Disclaimer: This is work in progress intended to consolidate information from various sources for learning purposes. For the latest information please consult the documentation (see the links below)!
Last updated: 24-May-2025
-- create schema CREATE SCHERA IF NOT EXISTS <lakehouse_name>.<schema_name> -- create a materialized view CREATE MATERIALIZED VIEW IF NOT EXISTS <lakehouse_name>.<schema_name>.<view_name> ( CONSTRAINT <constraint_name> CHECK (<constraint>) ON MISMATCH DROP )
AS SELECT ... FROM ... -- WHERE ... --GROUP BY ...
[Microsoft Fabric] Materialized Lake Views (MLV)
- {def} persisted, continuously updated view of data [1]
- {benefit} allows to build declarative data pipelines using SQL, complete with built-in data quality rules and automatic monitoring of data transformations
- simplifies the implementation of multi-stage Lakehouse processing [1]

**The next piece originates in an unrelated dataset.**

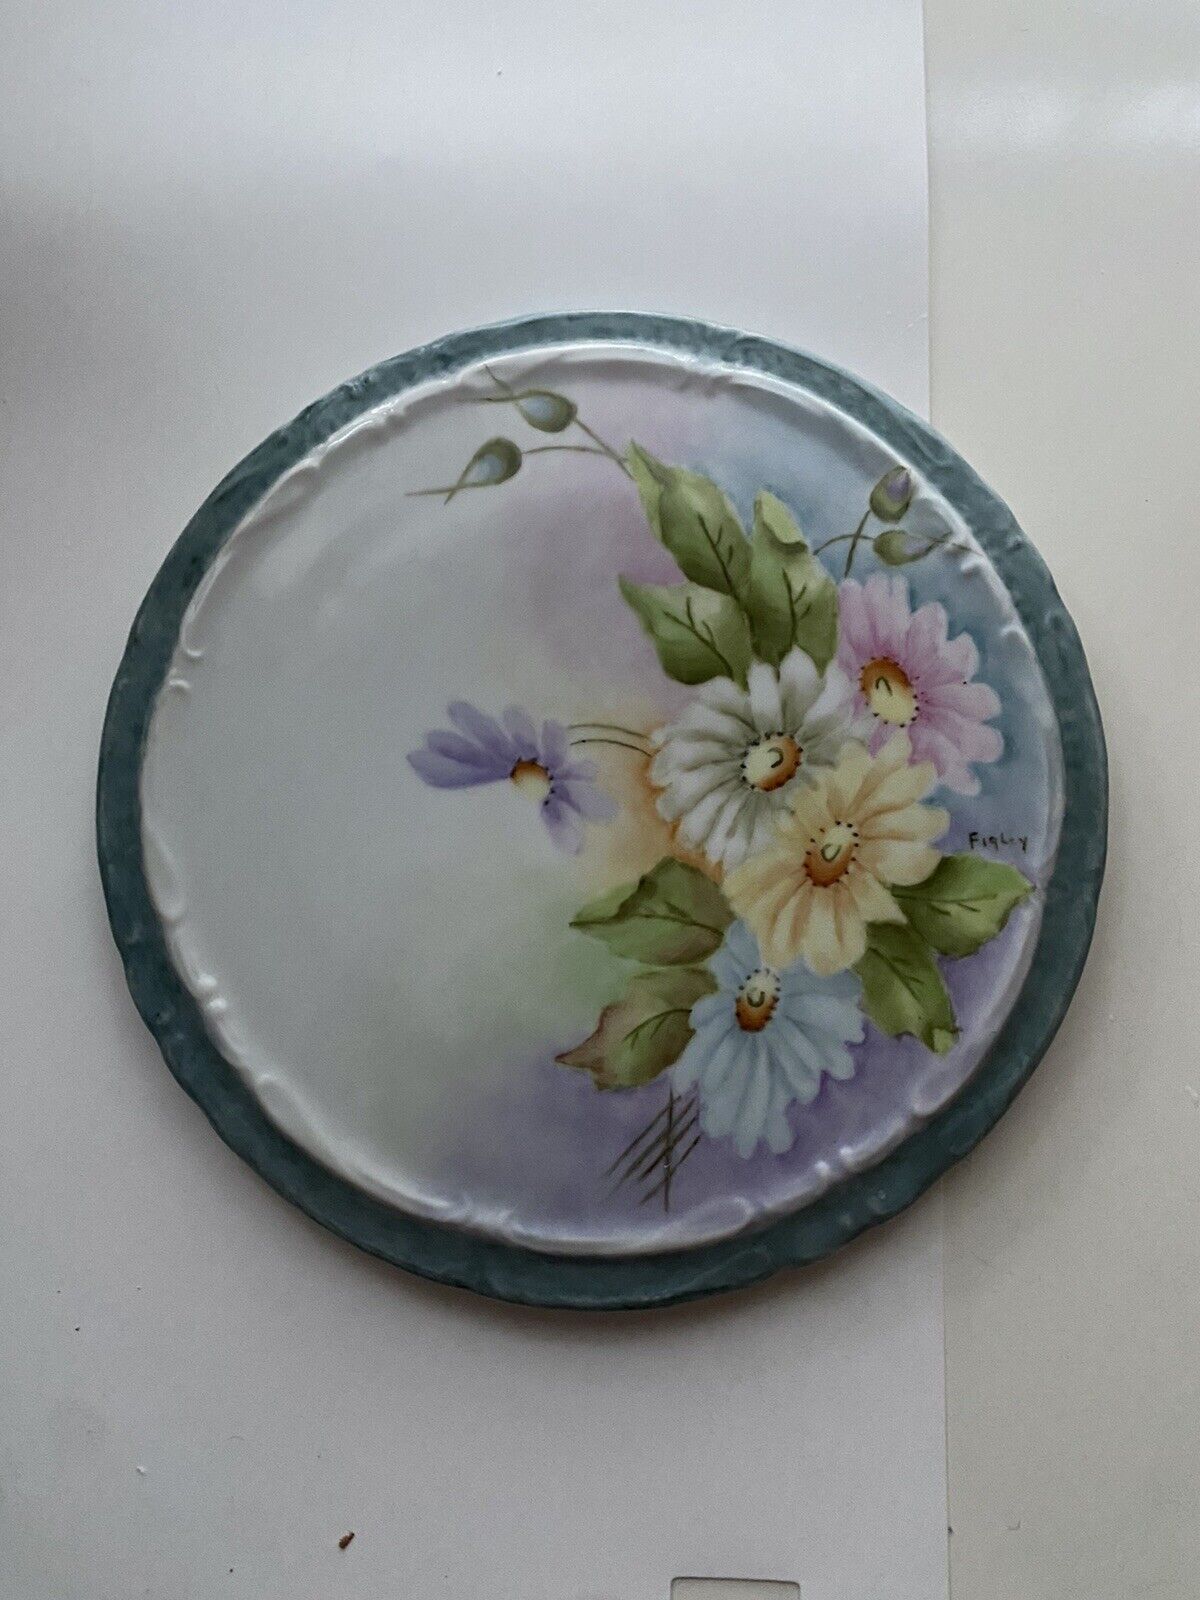 VERY OLD Antique Plate Hand Painted & Signed / Very Pretty Floral Design

- streamline data workflows
- enable developers to focus on business logic [1]
- ⇐ not on infrastructural or data quality-related issues [1]
- the views can be created in a notebook [2]
- can have data quality constraints enforced and visualized for every run, showing completion status and conformance to data quality constraints defined in a single view [1]
- empowers developers to set up complex data pipelines with just a few SQL statements and then handle the rest automatically [1]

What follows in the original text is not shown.